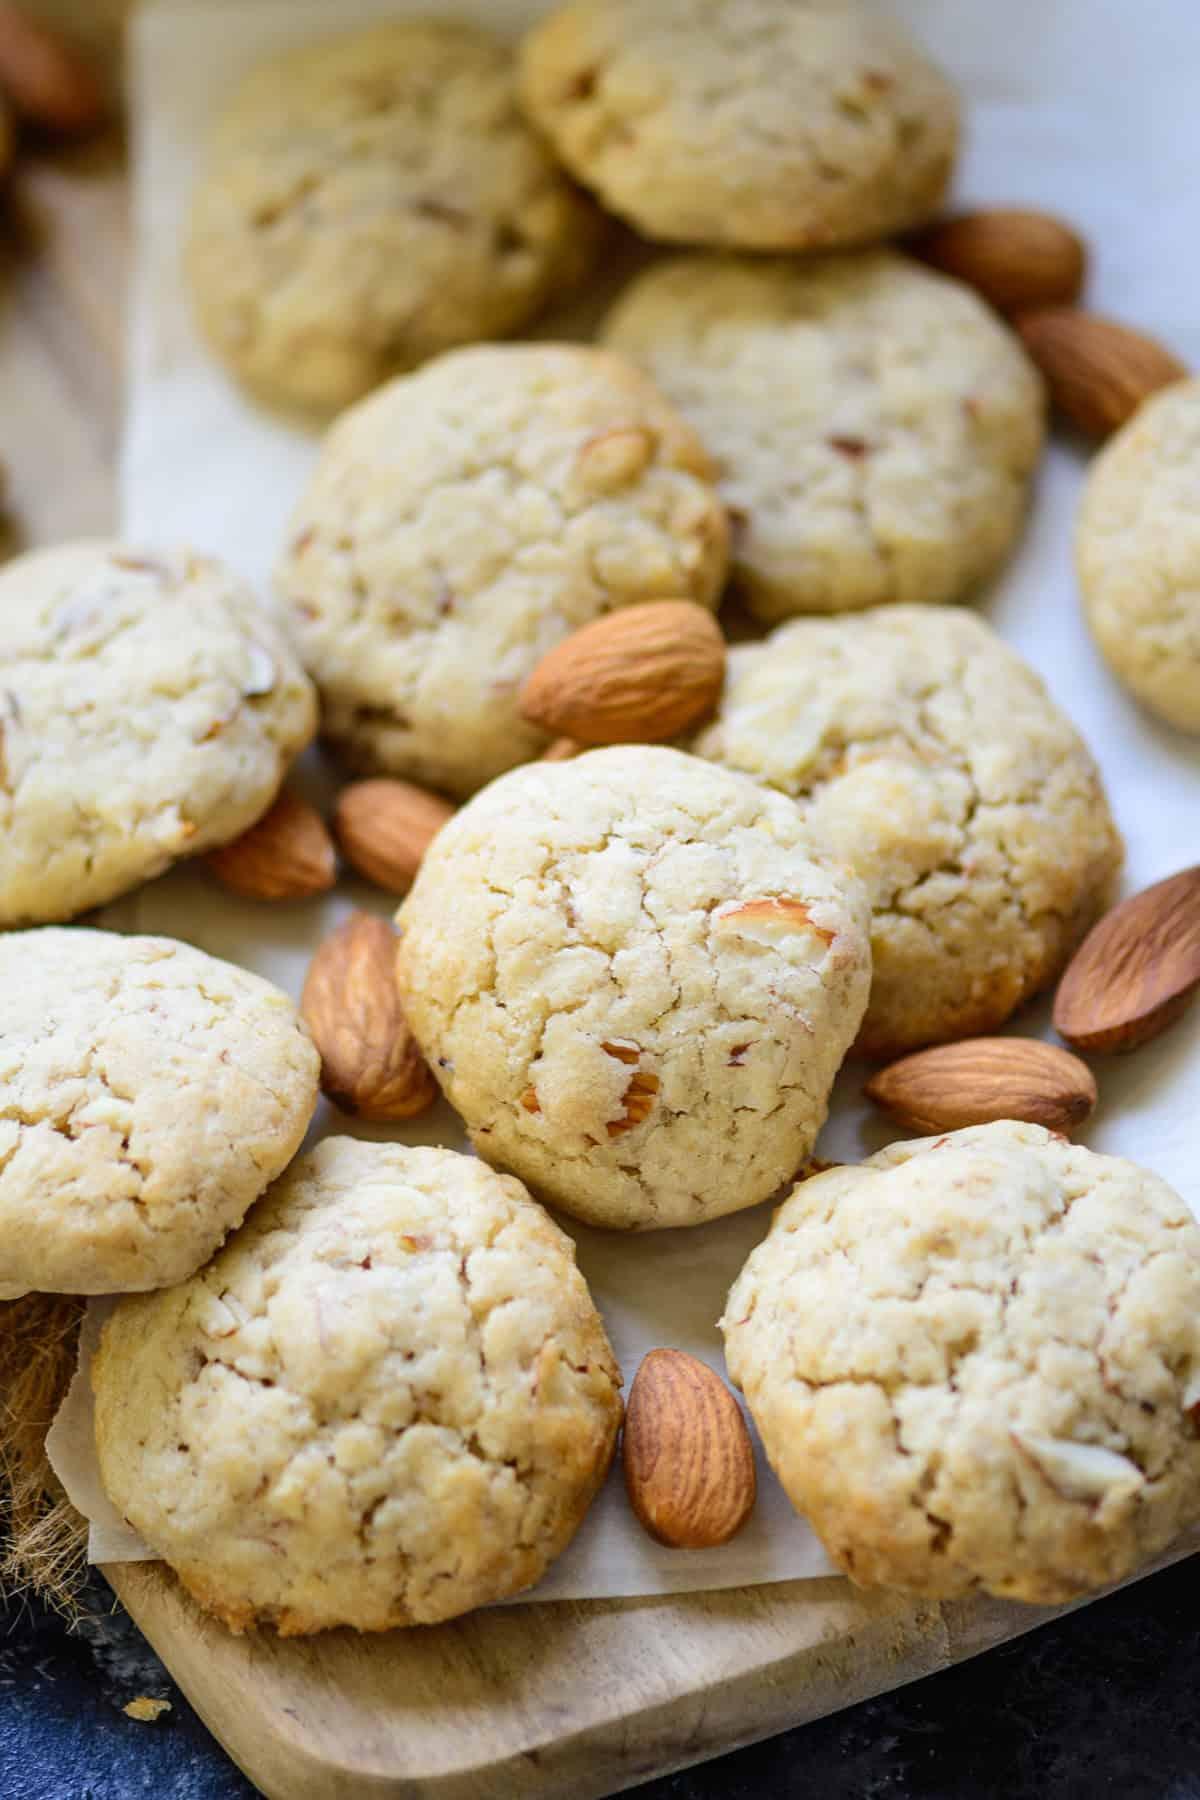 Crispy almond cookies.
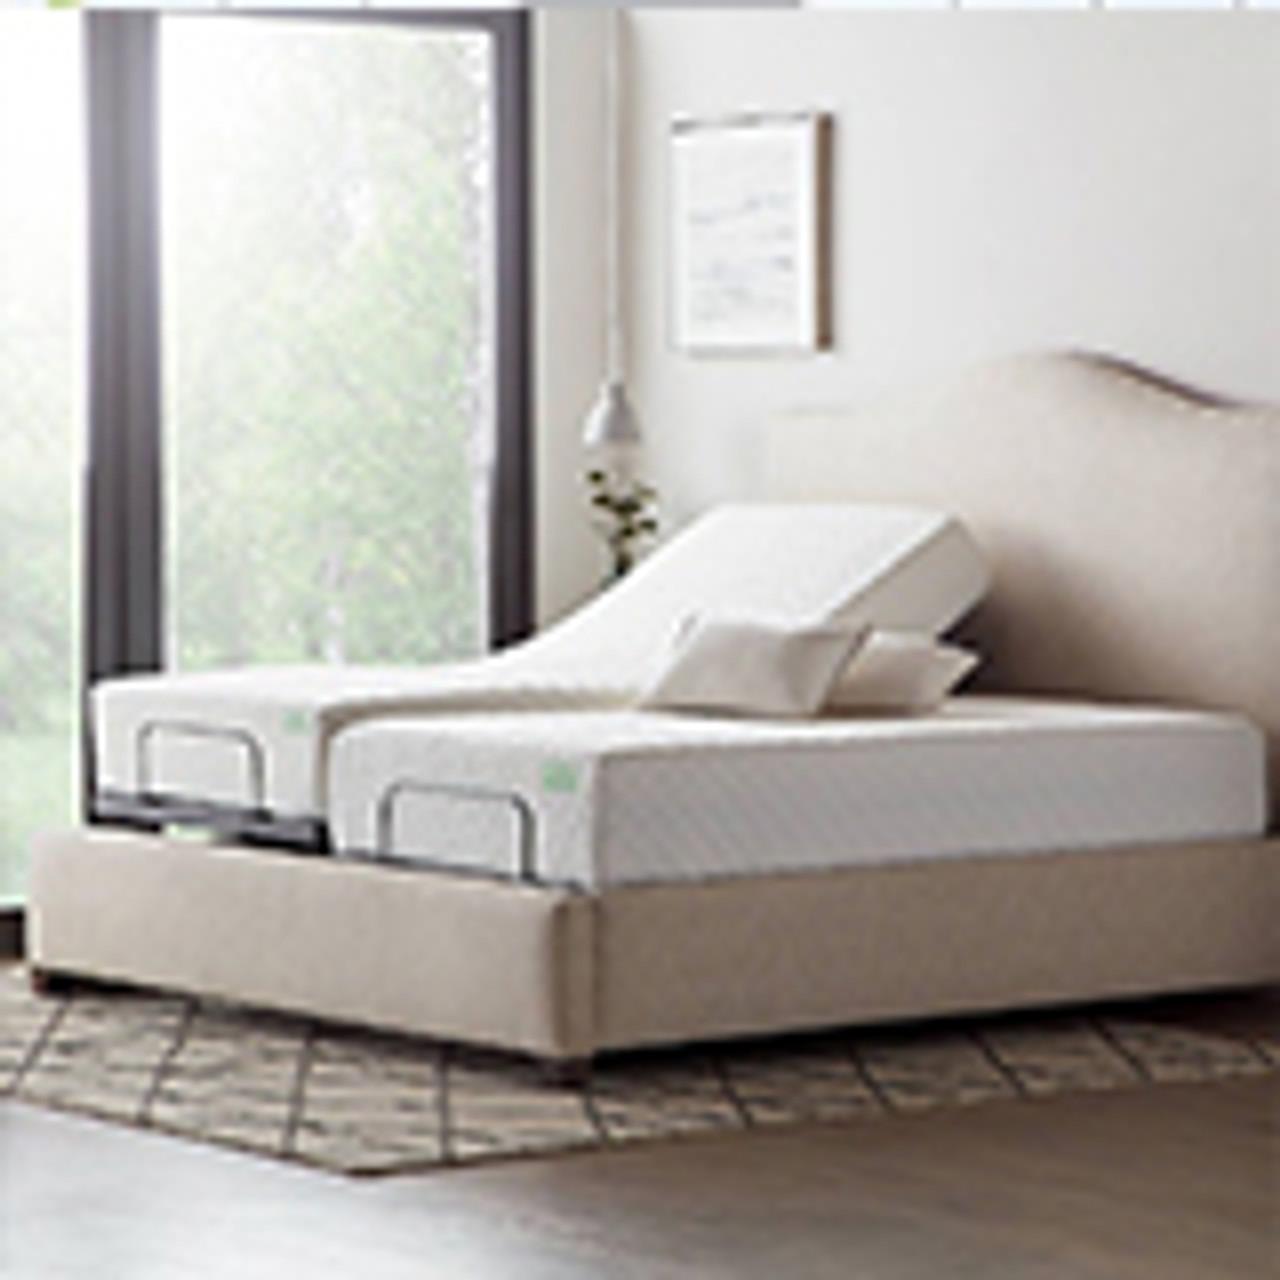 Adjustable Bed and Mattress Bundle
---
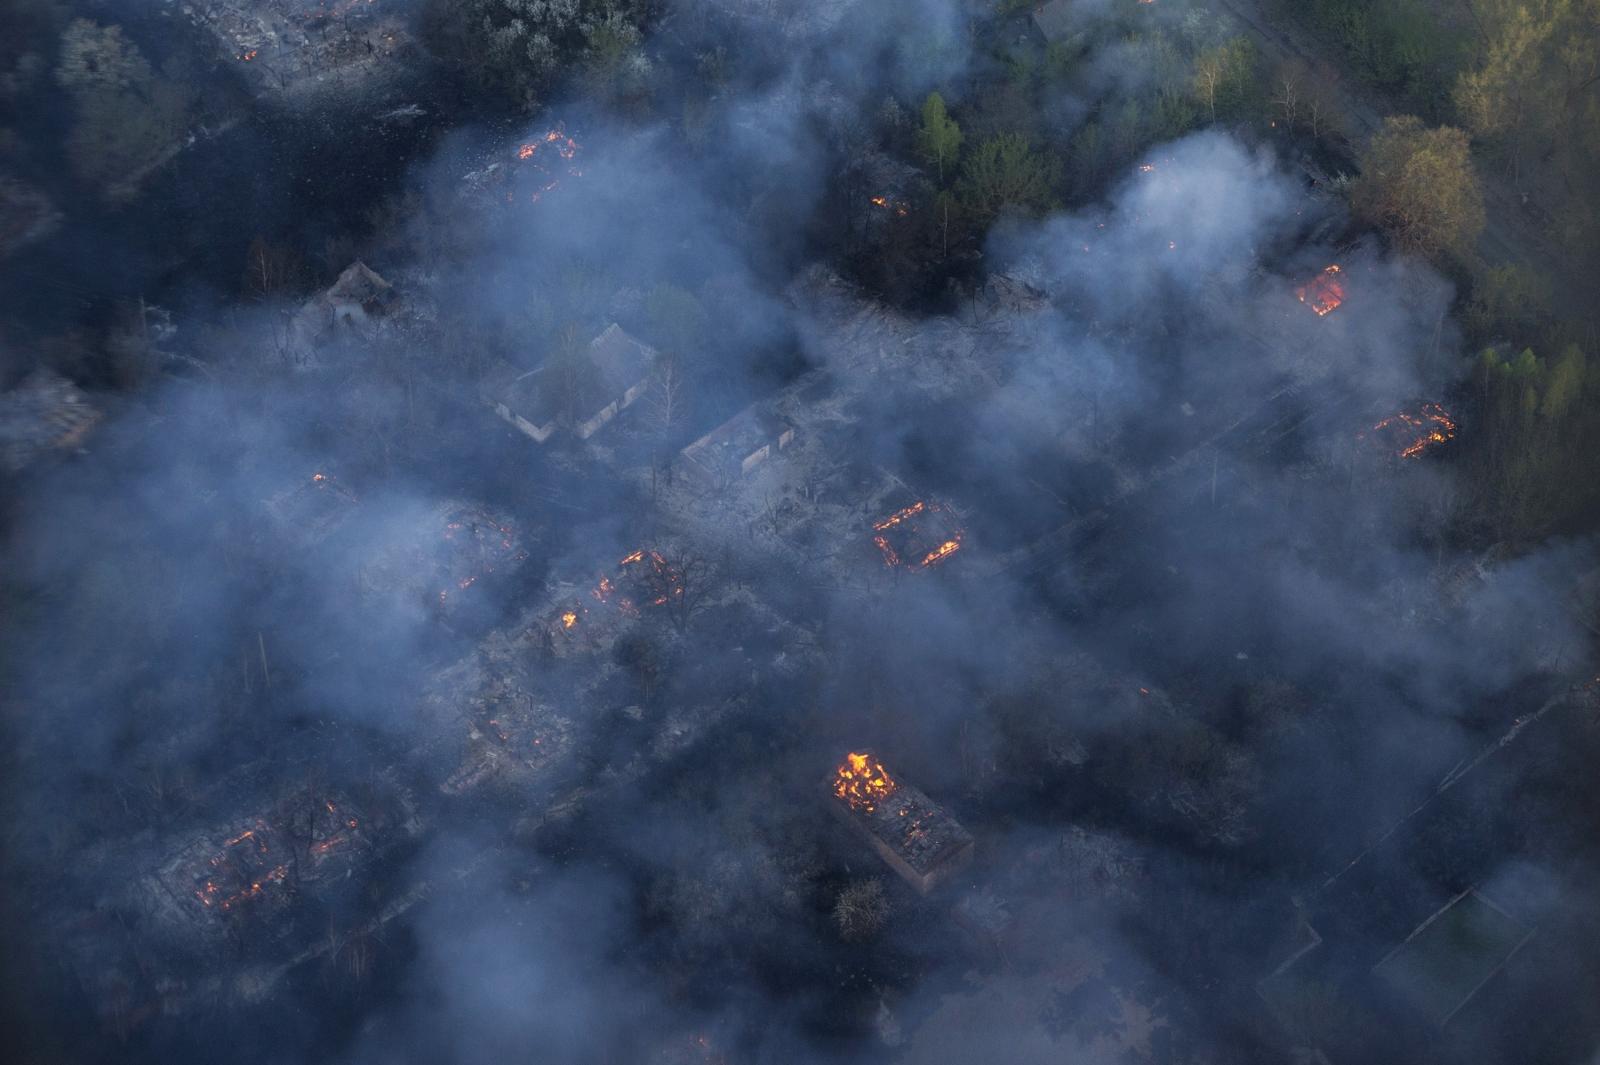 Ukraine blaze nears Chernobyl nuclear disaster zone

> **REQUIREMENT**: All that is wanted is the lines above between the one containing "Crispy almond cookies." and the one containing "Adjustable Bed and Mattress Bundle", inclusive, restated word for word, with pictures omitted.

> **SOLUTION TO THE PROBLEM**:
 Crispy almond cookies.
 Adjustable Bed and Mattress Bundle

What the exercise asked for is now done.